### Your assignment
Once the line containing "Интернет заработок: ТОП" is found in the records below, return it and each following line exactly, up to and including the line containing "24 IKEA HACK", and nothing else.

### Task input
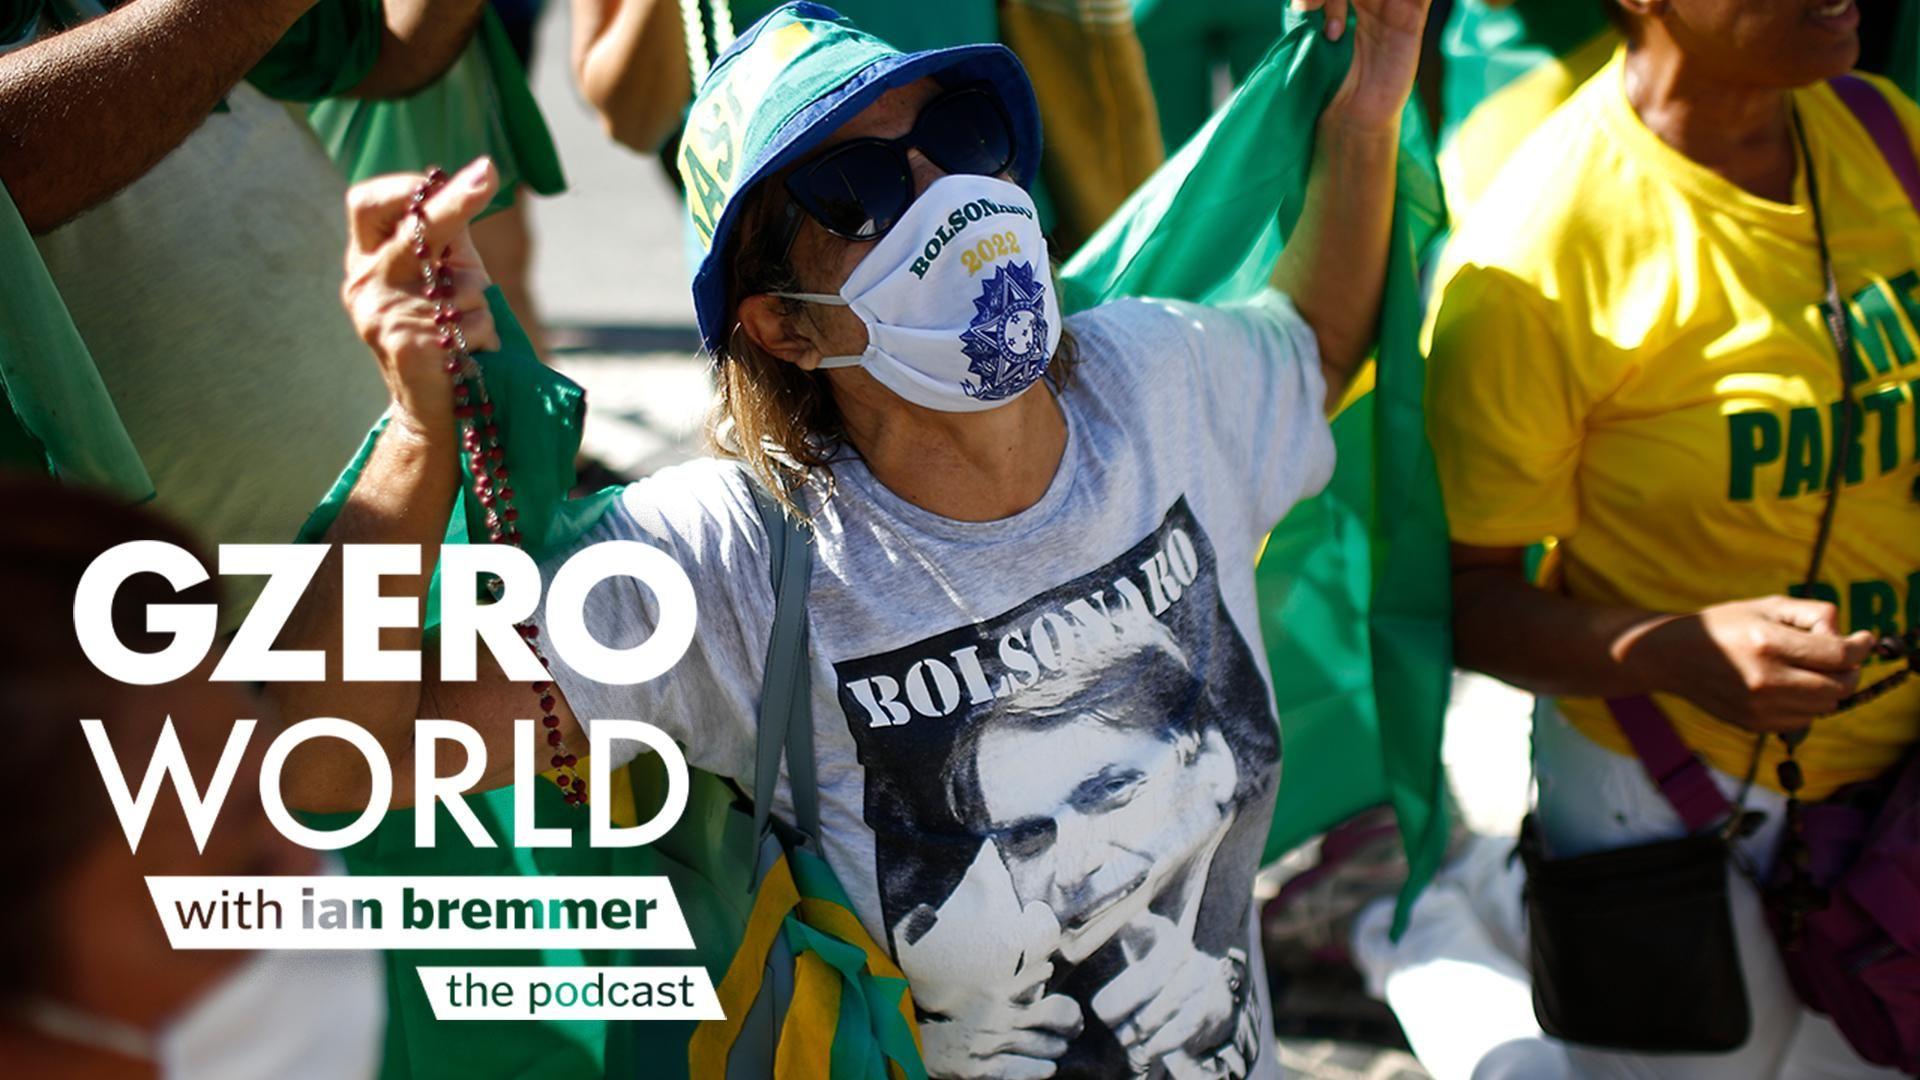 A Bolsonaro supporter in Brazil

==

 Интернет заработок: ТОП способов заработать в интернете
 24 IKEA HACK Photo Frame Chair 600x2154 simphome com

--

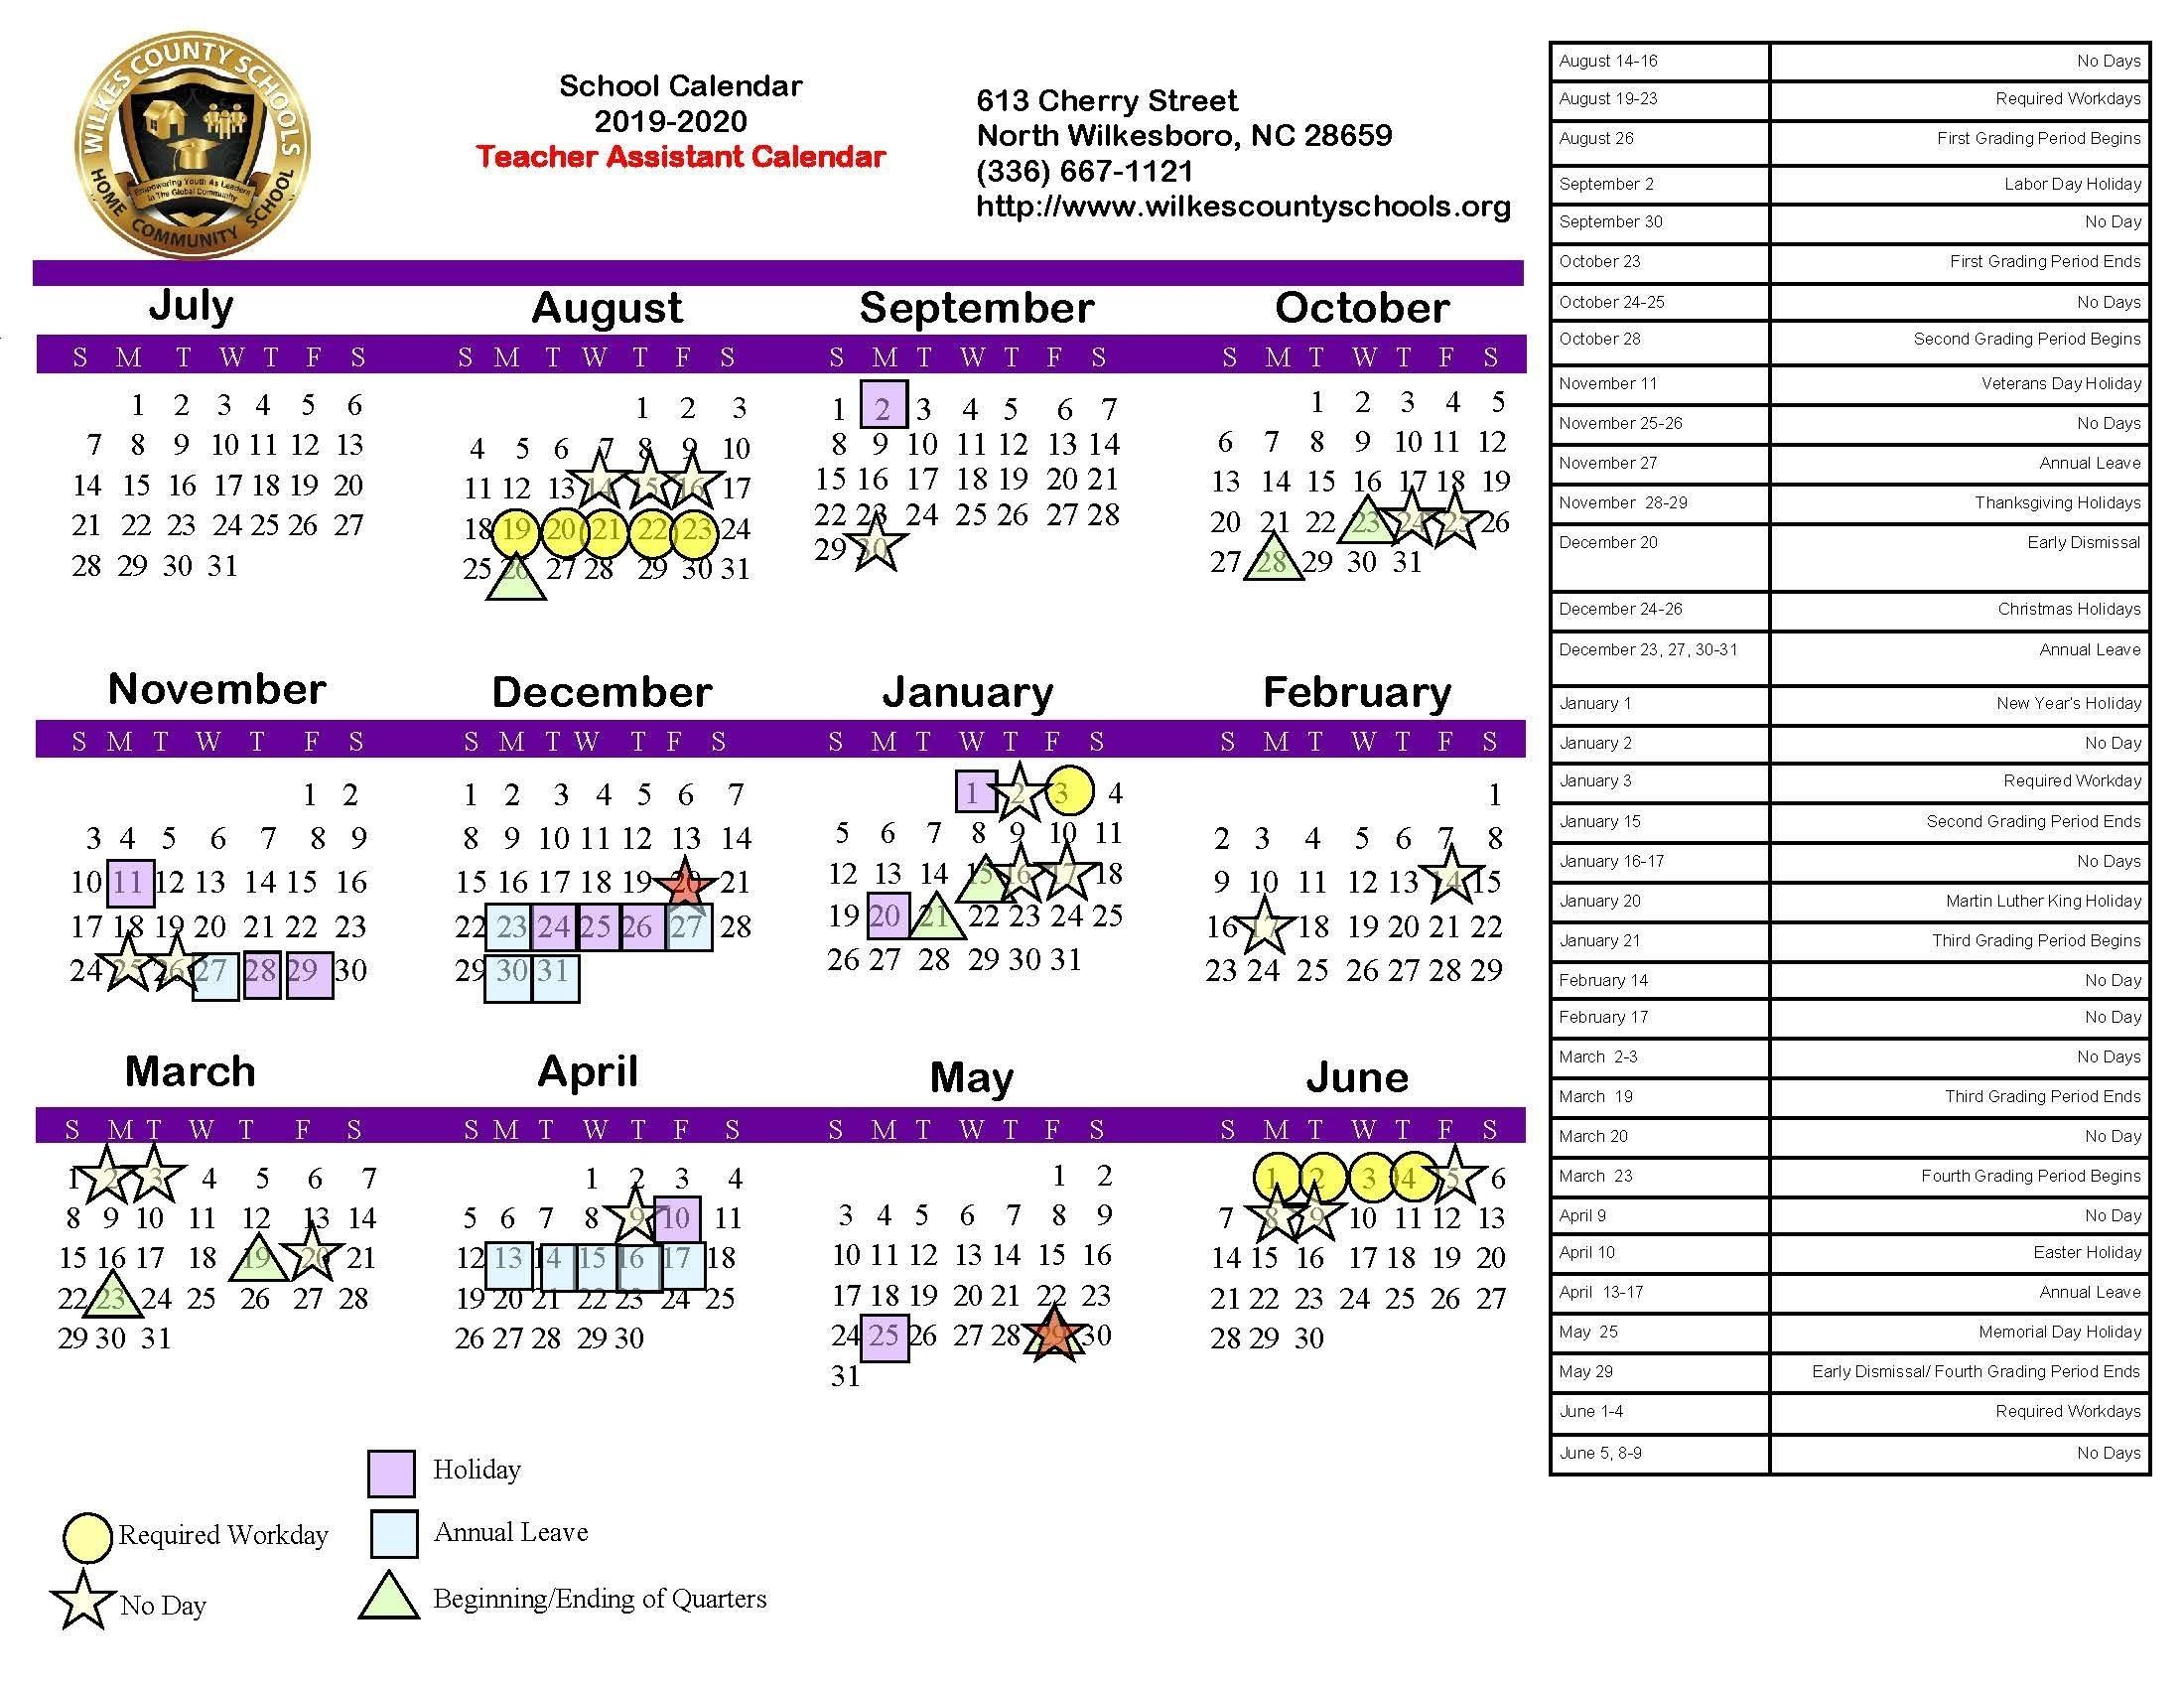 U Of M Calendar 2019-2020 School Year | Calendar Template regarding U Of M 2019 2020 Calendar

### Output for this task
 Интернет заработок: ТОП способов заработать в интернете
 24 IKEA HACK Photo Frame Chair 600x2154 simphome com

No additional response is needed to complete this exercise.